I want to prove certain properties related to Lorentz Transformations.

Main Question or Discussion Point

This exercise was proposed by samalkhaiat here

Given the defining property of Lorentz transformation [itex]\eta_{\mu\nu}\Lambda^{\mu}{}_{\rho}\Lambda^{\nu}{}_{\sigma} = \eta_{\rho \sigma}[/itex], prove the following identities

(i) [itex]\ (\Lambda k) \cdot (\Lambda x) = k \cdot x[/itex]

(ii) [itex]\ p \cdot (\Lambda x) = (\Lambda^{-1}p) \cdot x[/itex]

(iii) [itex]\ \left(\Lambda^{-1}k \right)^{2} = k^{2}[/itex]

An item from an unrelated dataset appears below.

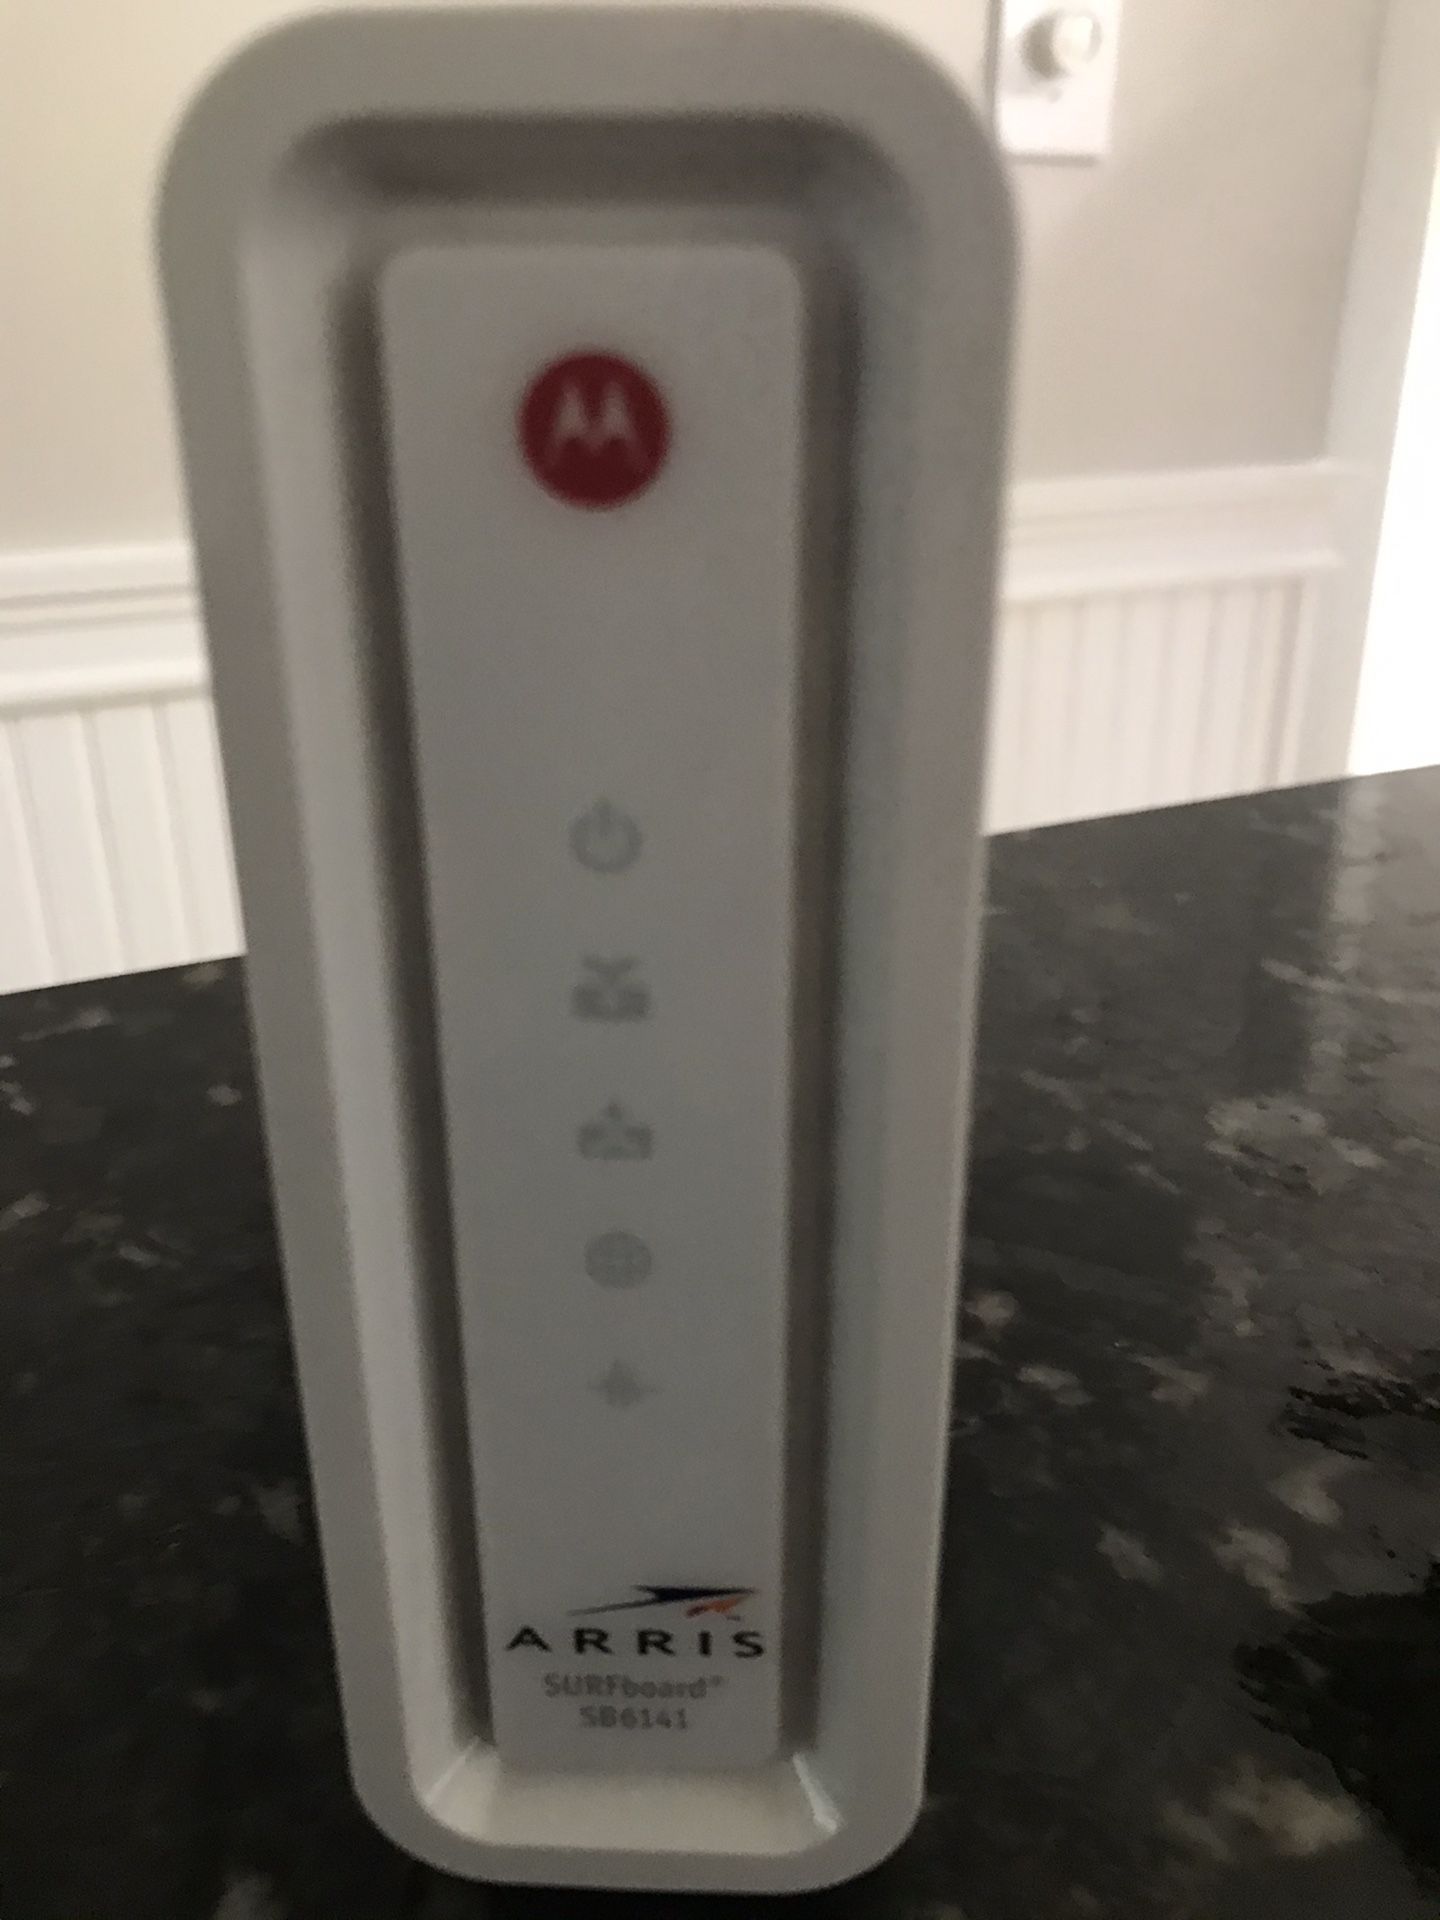 ARRIS Internet modem
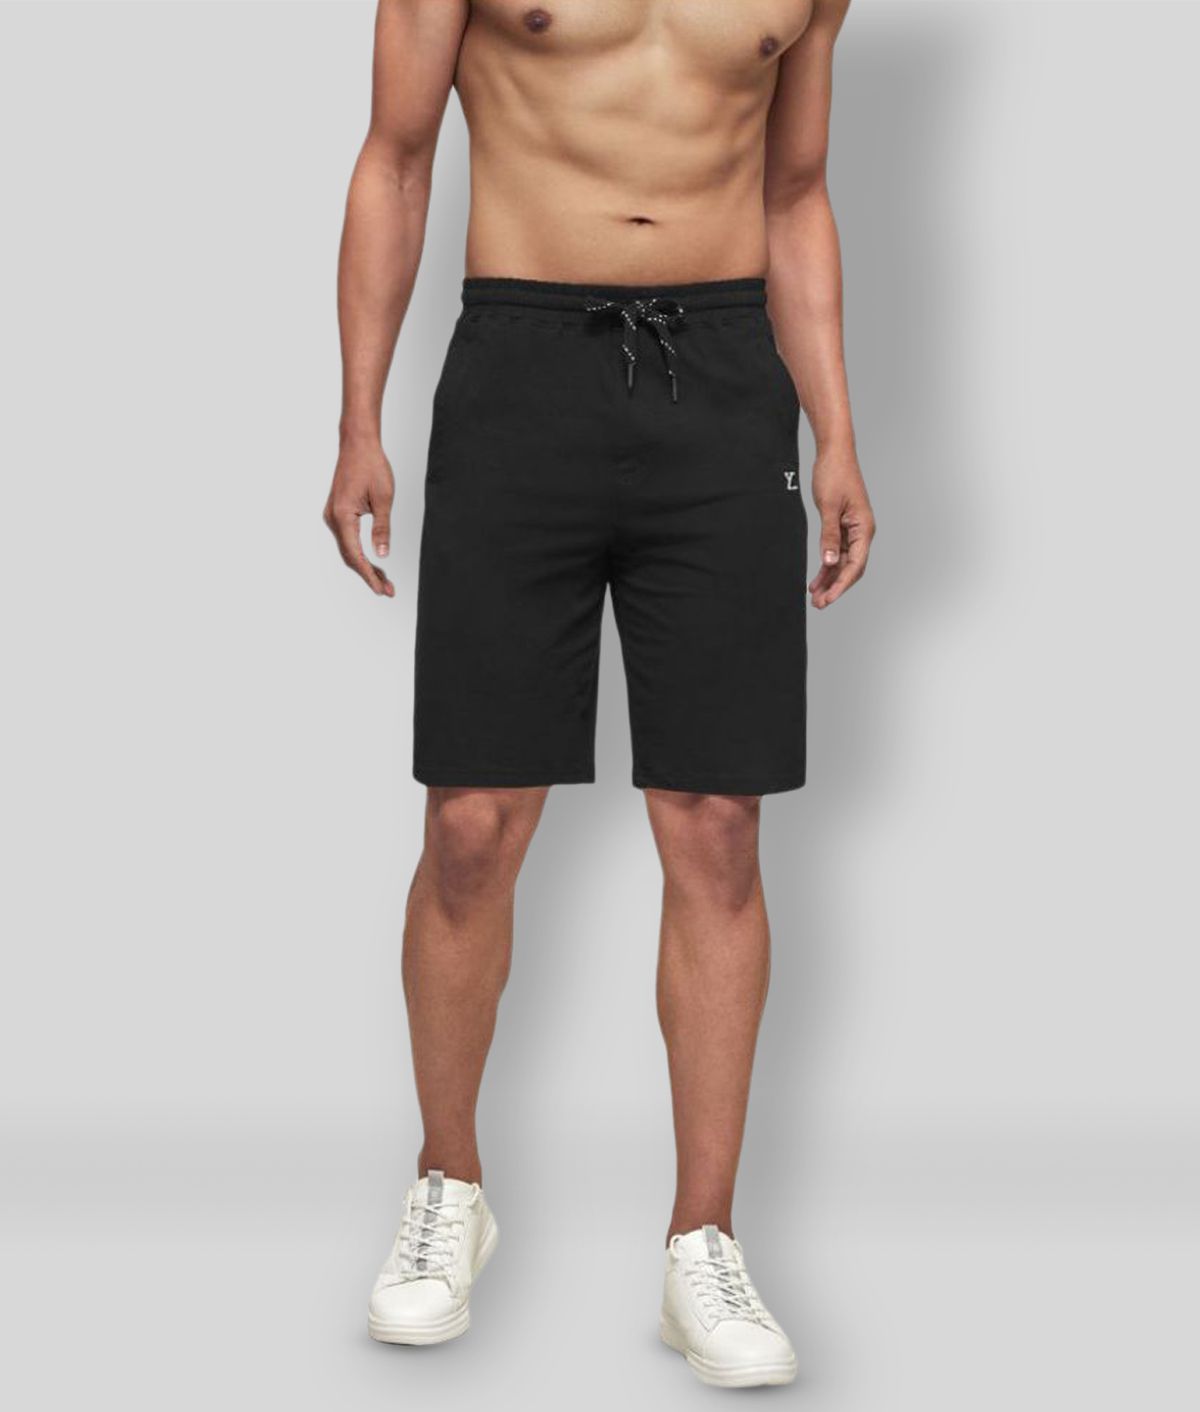     			XYXX - Black Cotton Blend Men's Shorts ( Pack of 1 )

Where ##\Lambda## is a linear transformation

My attempt

Alright, let us deal with the inner-product vector space ##(\Re, \Re^n, +, \langle \cdot , \cdot \rangle )## . Addition is defined as usual and the inner product is the standard inner product over ##\Re^n##

$$\langle \cdot , \cdot \rangle : \Re^n \times \Re^n \rightarrow \Re : (X=\Big(
\begin{pmatrix}
x^1 \\
. \\
. \\
x^n
\end{pmatrix}\Big), Y=
\Big(
\begin{pmatrix}
y^1 \\
. \\
. \\
y^n
\end{pmatrix}\Big)) \mapsto \sum_{i=1}^n x_i y_i = X^T \cdot Y$$

(i) Applying the definition of ##\langle \cdot, \cdot \rangle##

$$X^T \cdot Y=(\Lambda k)^T \cdot (\Lambda x)=(k^T \Lambda^T) \cdot \Lambda x $$

Well, I get the answer iff I assume that ##\Lambda## is an orthogonal matrix (i.e. ##\Lambda^{-1}=\Lambda^{T}##) and ##k## is a symmetric matrix (i.e. ##k^{T}=k##)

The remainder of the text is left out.